THOUGH Mount St. Helens was still relatively quiet, frustrated Washington State tourism officials (not to mention officials of the Pacific Northwest Regional Commission) were ready to erupt recently.
The governors of Washington, Oregon and Idaho, whose states suffered a drop in vacation travel as a result of the publicity fallout after the mountain blew her top in May, felt the need to advertise in 11 U.S. newspapers: "Ashfall effects exaggerated . . . Traffic routes open . . . Don't let rumor ruin a vacation . . . call now."
And under a bold headline "What If It Happens Again?" the ad stated that while scientists don't believe Mount St. Helens is likely to repeat "the magnitude of her May 18 display . . . they disagree on whether she may burp more ash . . . Before you head our way, call the toll-free number . . . (1-800-426-8668 for Washington State) for the up-to-the-minute condition report." (Last Tuesday the mountain "burped" three times, sending a new cloud of ash drifting.)
In a further effort to counter a negative and incorrect impression that (as one Washington tourism spokesman put it) "the state was buried under six inches of ash" a group of about 60 journalists, magazine writers and broadcasters were recently given a 3-day tour of Washington and Oregon so they could see that most of those areas were "never affected." The trip was sponsored by United Air Lines in cooperation with the states and major corporations.
Also trying to dispel a negative image which they feel is unfair and causing many airline passengers to void flying in the DC-10, the McDonnell Douglas Corporation has published a booklet titled, "The DC-10 -- A Special Report."
It is "part of a multimillion dollar communications campaign aimed at making more widely known the findings of extensive investigations that have vindicated the safety and performance of the DC-10," according to the corporation which built the airliner.
Charles "Pete" Conrad, the former astronaut, who is now a McDonnell Douglas executive and principal spokesman in the campaign, said that "data to support the statements made in the booklet are readily accessible at the Federal Aviation Administration and the National Transportation Safety Board, the two organizations that have vindicated the DC-10."
A free copy of the booklet can be obtained by writing to Ralph Underdahl, Douglas Aircraft Co., 3855 Lakewood Blvd., Long Beach, Calif. 90846.
A third kind of image problem faces the Soviet Union, and those involved in sending visitors to that country at this time -- even a non-political, nonprofit organization like the Citizen Exchange Corps.

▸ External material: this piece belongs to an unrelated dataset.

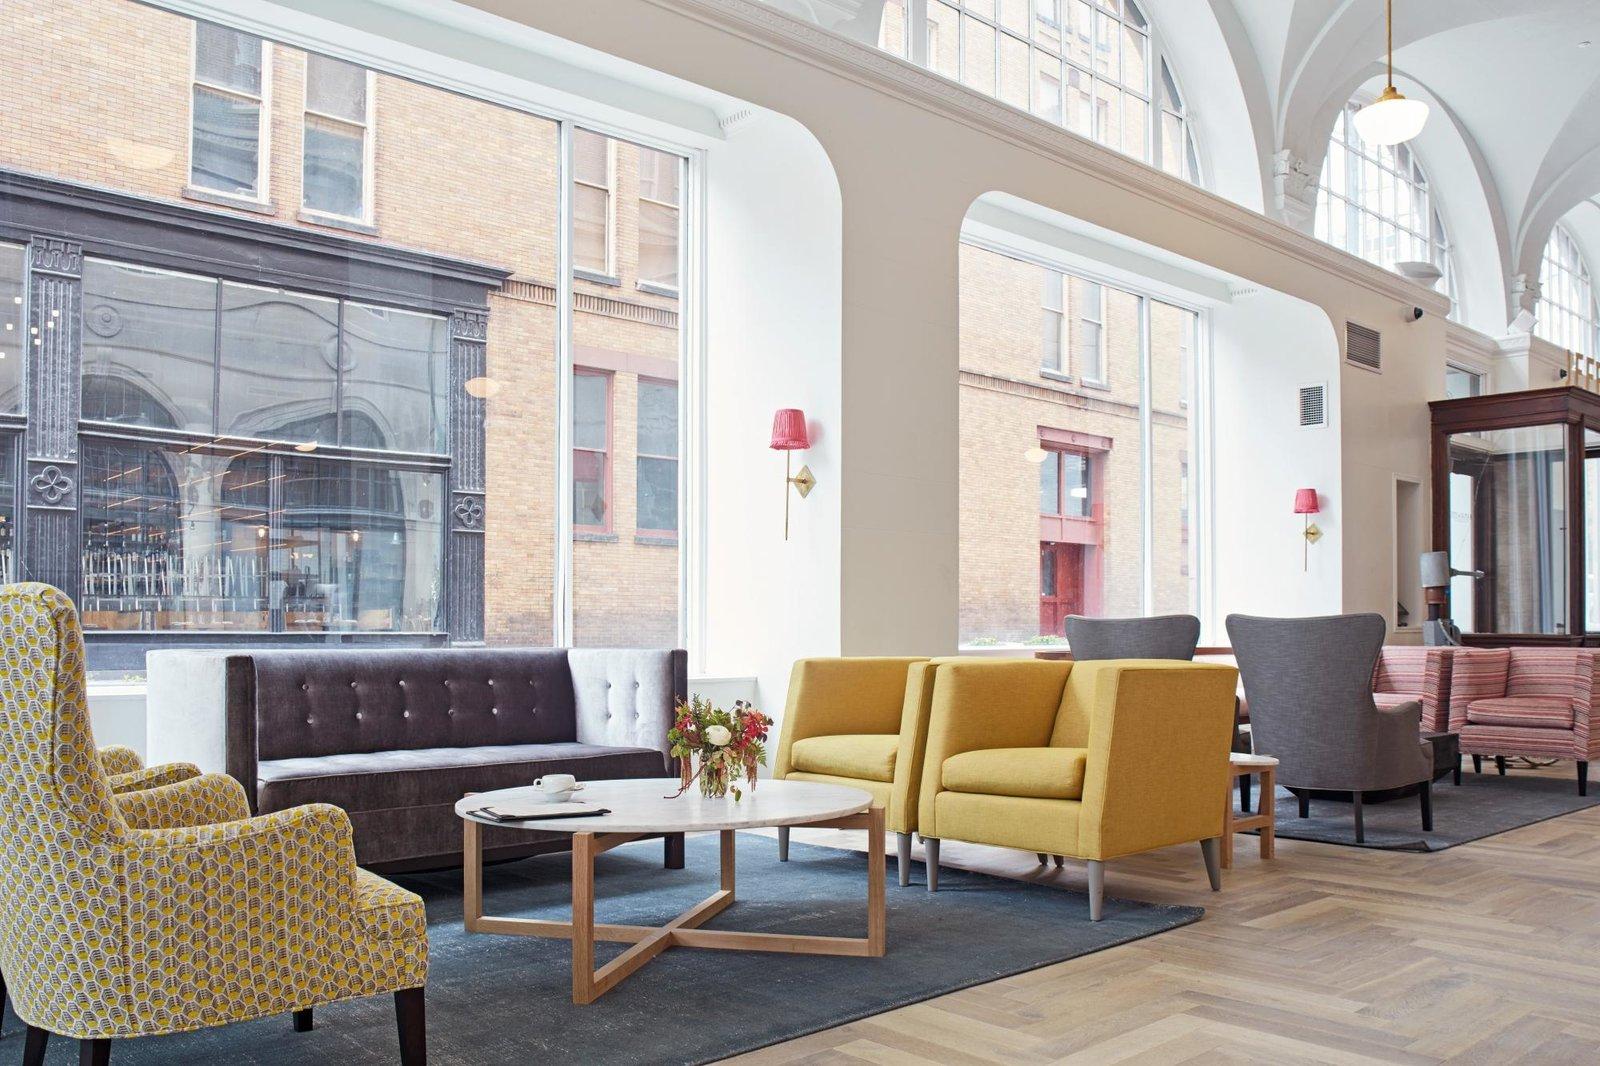 Living Room, Rug Floor, Chair, Sofa, Coffee Tables, Pendant Lighting, Medium Hardwood Floor, and Wall Lighting  Quirk Hotel

The U.S. boycott of the Moscow Summer Olympics in protest against the Soviet army's invasion of Afghanistan, eventually supported by many other nations, has caused thousands of American travelers to change their plans about visiting Russia this year. President Carter did not advocate a boycott of all travel to that country but, as one tour operator admitted March, "a de facto ban" was already in effect then due to strong feelings among American tourists.
Now the spectacle of massive Soviet security efforts at the Olympics, which not only eliminate any chance of anti-government political demonstrations but also any significant opportunity for contact between foreigner and Soviets, have added to the bitterness.
With the Kremlin issuing warnings to its citizens about foreign provocateurs bringing timebombs or anti-Soviet literature, it becomes under-standable why the Citizen Exchange Corps is having some difficulty getting enough Americans to sign up for its package trip to Siberia and Mongolia via the Trans-Siberia Railroad. The tour is scheduled to leave Sept. 15 from New York, and a spokesman acknowleged that the fallout from Afghanistan is "definitely affecting our efforts" to book the tour.
The CEC, at 18 East 41st St., New York 10017, has been working for 17 years "to improve understanding by bringing American and Soviet citizens together on a person to person level." In March, then Secretary of State Cyrus Vance told the CEC that "It remains our policy to encourage such private activities . . . we have sought to avoid dismantling the framwork of exchanges and cooperative activity developed with such great effort over the years." Vance noted with satisfaction that CEC was not planning "any travel to Moscow during the Olympics.